This section dissects the operational DNA of Agilent and Revvity by comparing revenue distribution and internal dynamics. Its goal is to confront their economic moats to reveal which model offers the most resilient competitive advantage today.

Revenue Segmentation: The Strategic Mix

This comparison dissects how Agilent Technologies and Revvity diversify income streams and reveals their primary sector bets:

revenue by segment comparison

Agilent’s 2025 revenue shows a three-pronged mix: $2.9B in CrossLab, $2.7B in Life Sciences and Applied Markets, and $1.3B in Applied Markets. Revvity leans heavily on two segments, Diagnostics ($1.5B) and Life Sciences ($1.25B). Agilent’s broader base reduces concentration risk, while Revvity’s focus suggests strategic depth but higher exposure to sector-specific cycles. Agilent pivots on ecosystem lock-in; Revvity anchors on diagnostics strength.

Strengths and Weaknesses Comparison

This table compares the Strengths and Weaknesses of Agilent Technologies, Inc. and Revvity, Inc.:

Agilent Technologies Strengths

  • Diverse revenue streams including CrossLab and Life Sciences
  • Strong profitability with 18.75% net margin, 19.33% ROE
  • Favorable liquidity and leverage ratios
  • Solid global presence across Americas, Asia Pacific, Europe

Revvity Strengths

  • Focused product segments in Diagnostics and Life Sciences
  • Favorable WACC at 7.43% indicating efficient capital cost
  • Adequate liquidity ratios
  • Geographic diversification with significant international sales

Agilent Technologies Weaknesses

  • High P/E and P/B ratios suggest overvaluation risk
  • Dividend yield is low at 0.68%
  • Moderate asset turnover indicates potential inefficiency

Revvity Weaknesses

  • Low profitability with 3.33% ROE and 2.82% ROIC
  • Higher P/E ratio at 45.32 signals valuation concerns
  • Lower asset turnover at 0.23 reflects operational weakness
  • Interest coverage ratio at 3.7 is only moderate

Agilent demonstrates comprehensive strengths in profitability and global diversification, but faces valuation concerns. Revvity shows more limited profitability and operational efficiency, though it benefits from a lower cost of capital and geographic reach. Both companies present distinct strategic challenges in balancing growth and financial discipline.

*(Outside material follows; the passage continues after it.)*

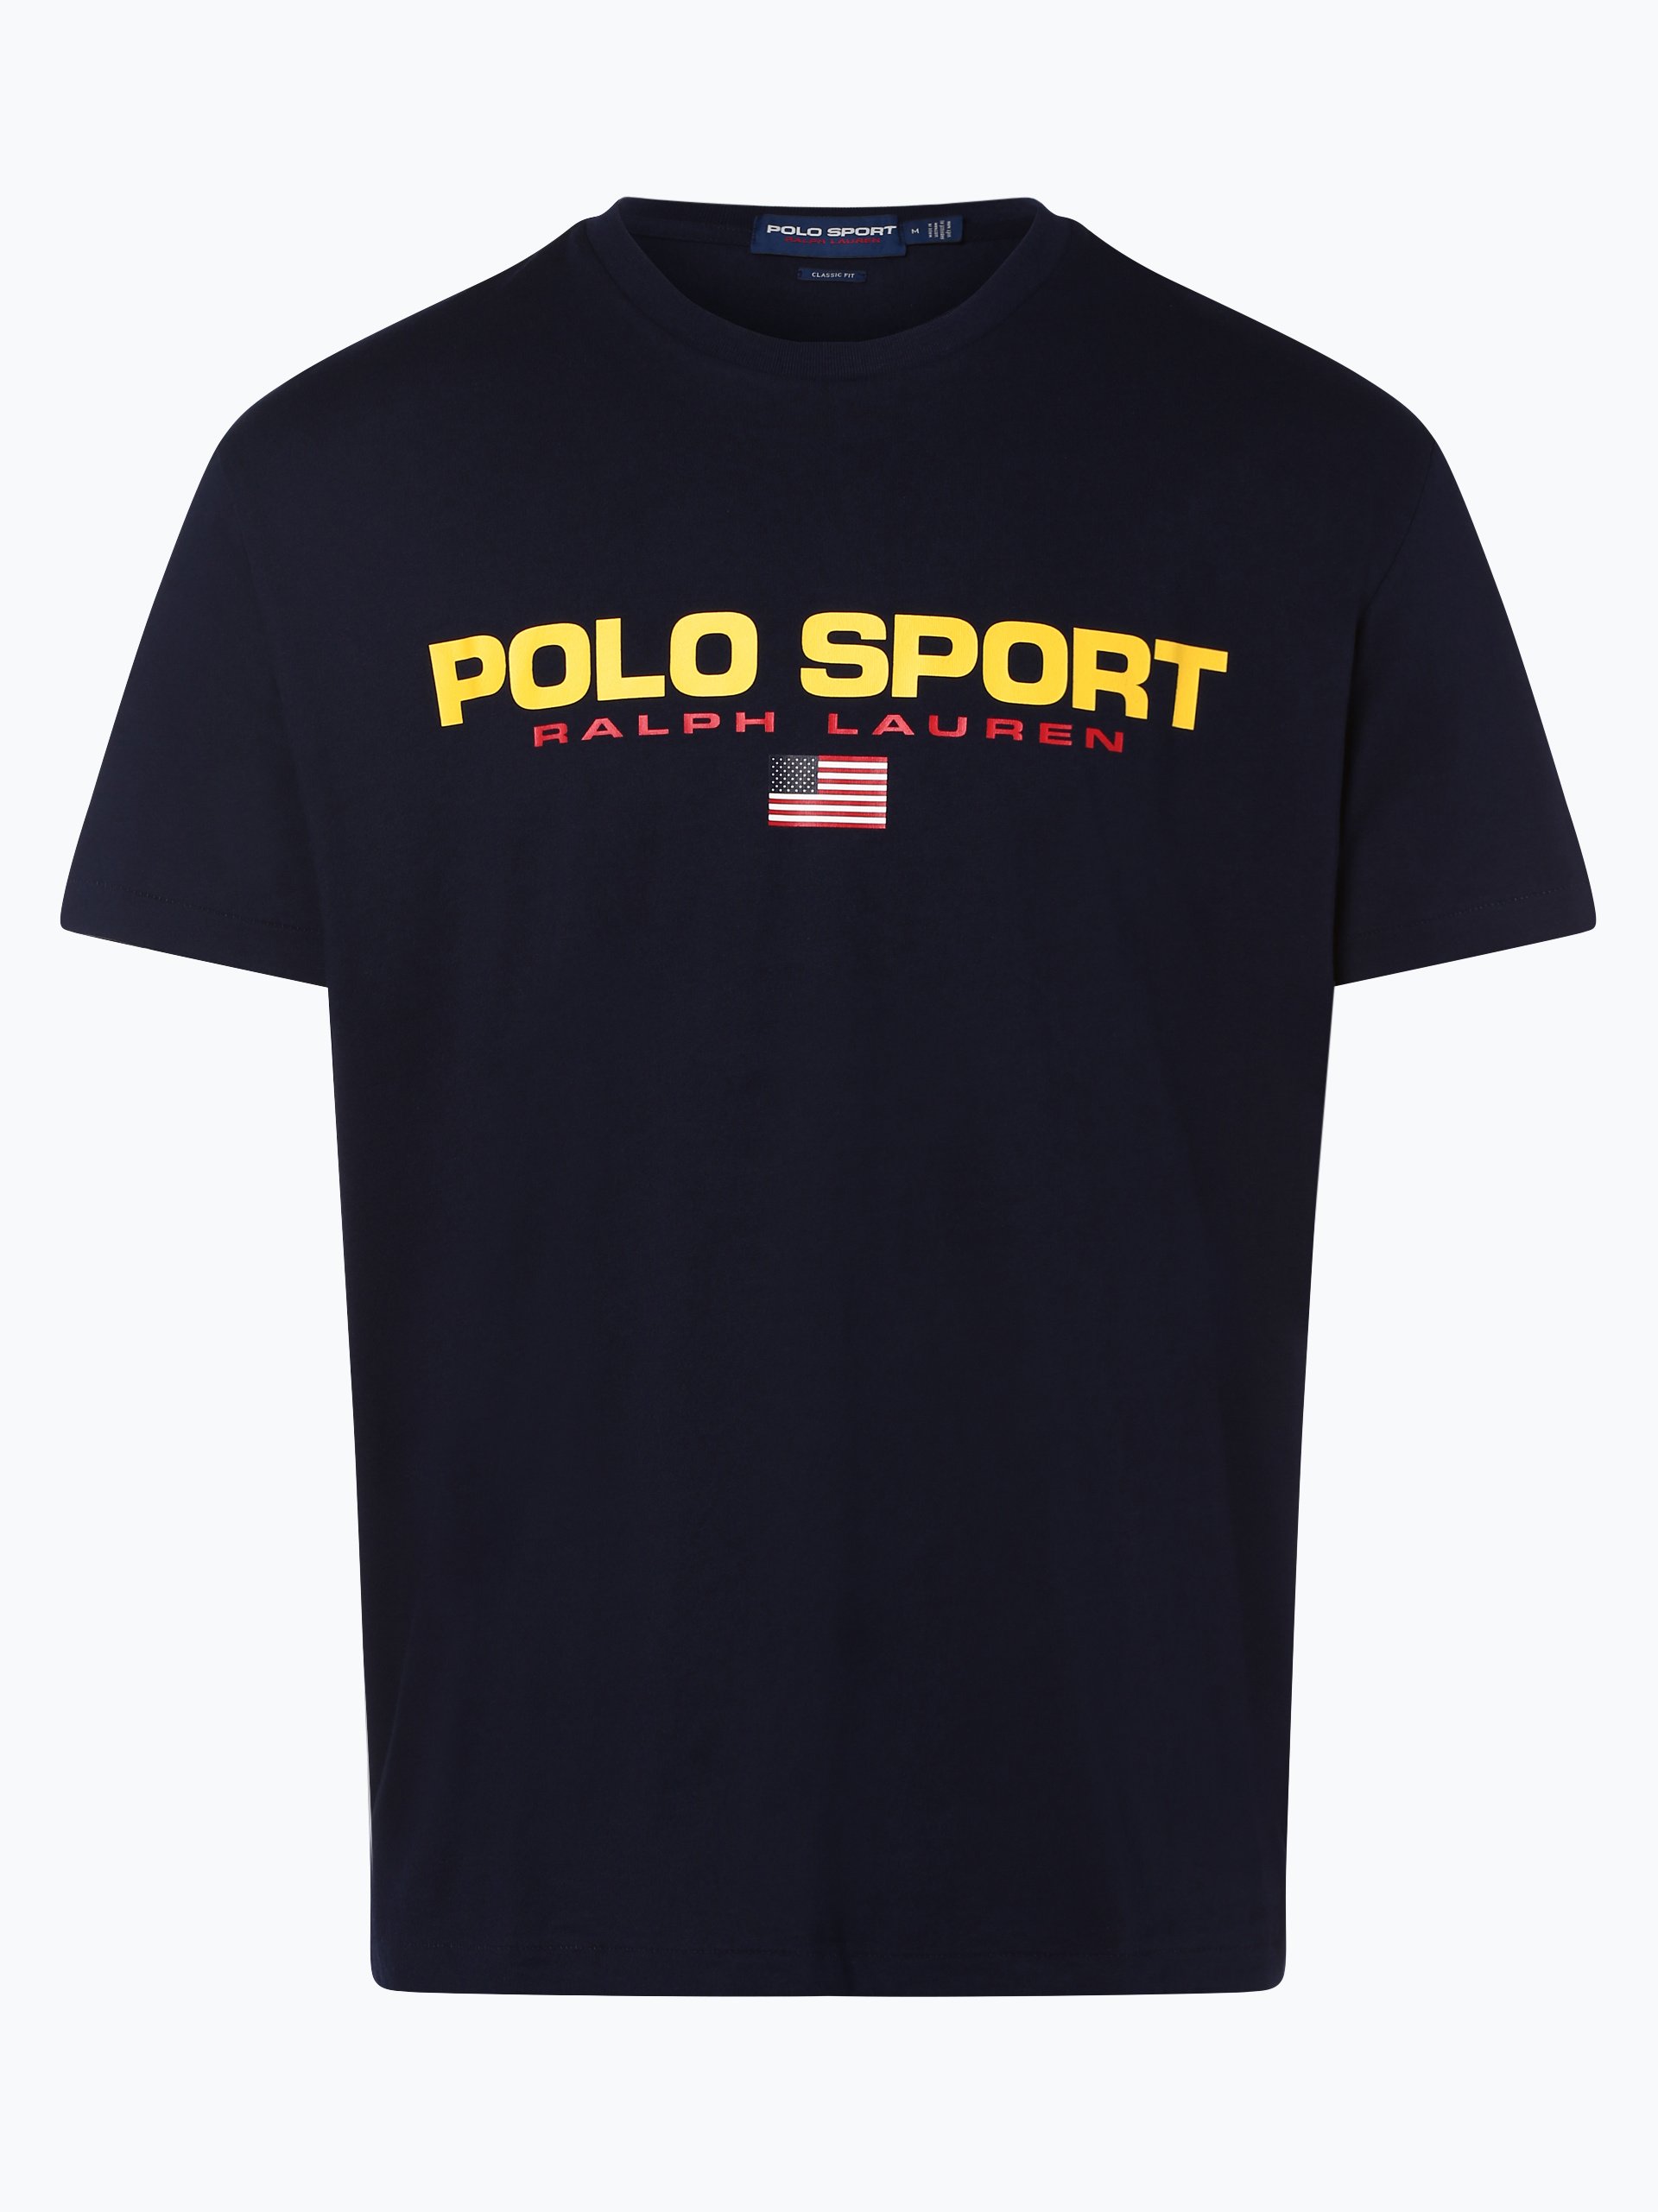 Polo ralph lauren t shirt herren sale at home instagram – Polo – Shop ...
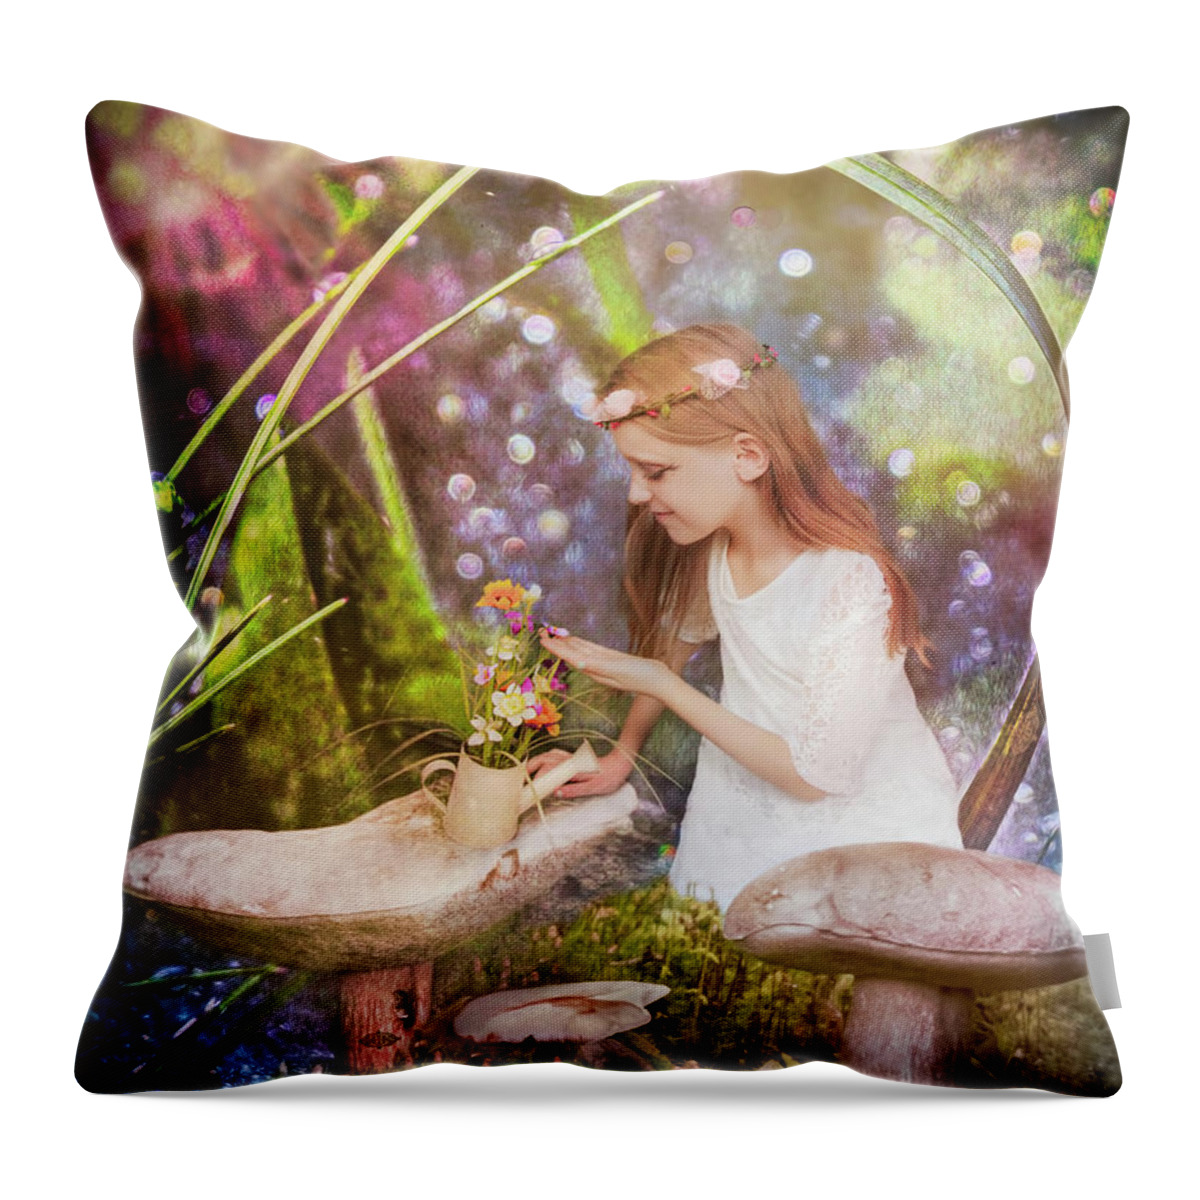 Magical Throw Pillow featuring the photograph Magical Mushroom Garden by Shara Abel

The Moat Duel: Analyzing Competitive Defensibility

A structural moat shields long-term profits from relentless competitive erosion. Without it, market share and margins quickly erode:

Agilent Technologies, Inc.: Intangible Assets and Broad Product Ecosystem

Agilent’s moat stems from its extensive product portfolio and specialized application solutions. It sustains margins above 18%, reflecting strong ROIC over WACC. In 2026, expanding diagnostics software deepens this intangible asset moat.

Revvity, Inc.: Specialized Instrumentation with Narrower Market Focus

Revvity relies on niche analytical instruments and diagnostics but lacks Agilent’s breadth. Its negative ROIC trend signals value destruction. Future growth hinges on successful innovation in genomics workflows to stabilize margins.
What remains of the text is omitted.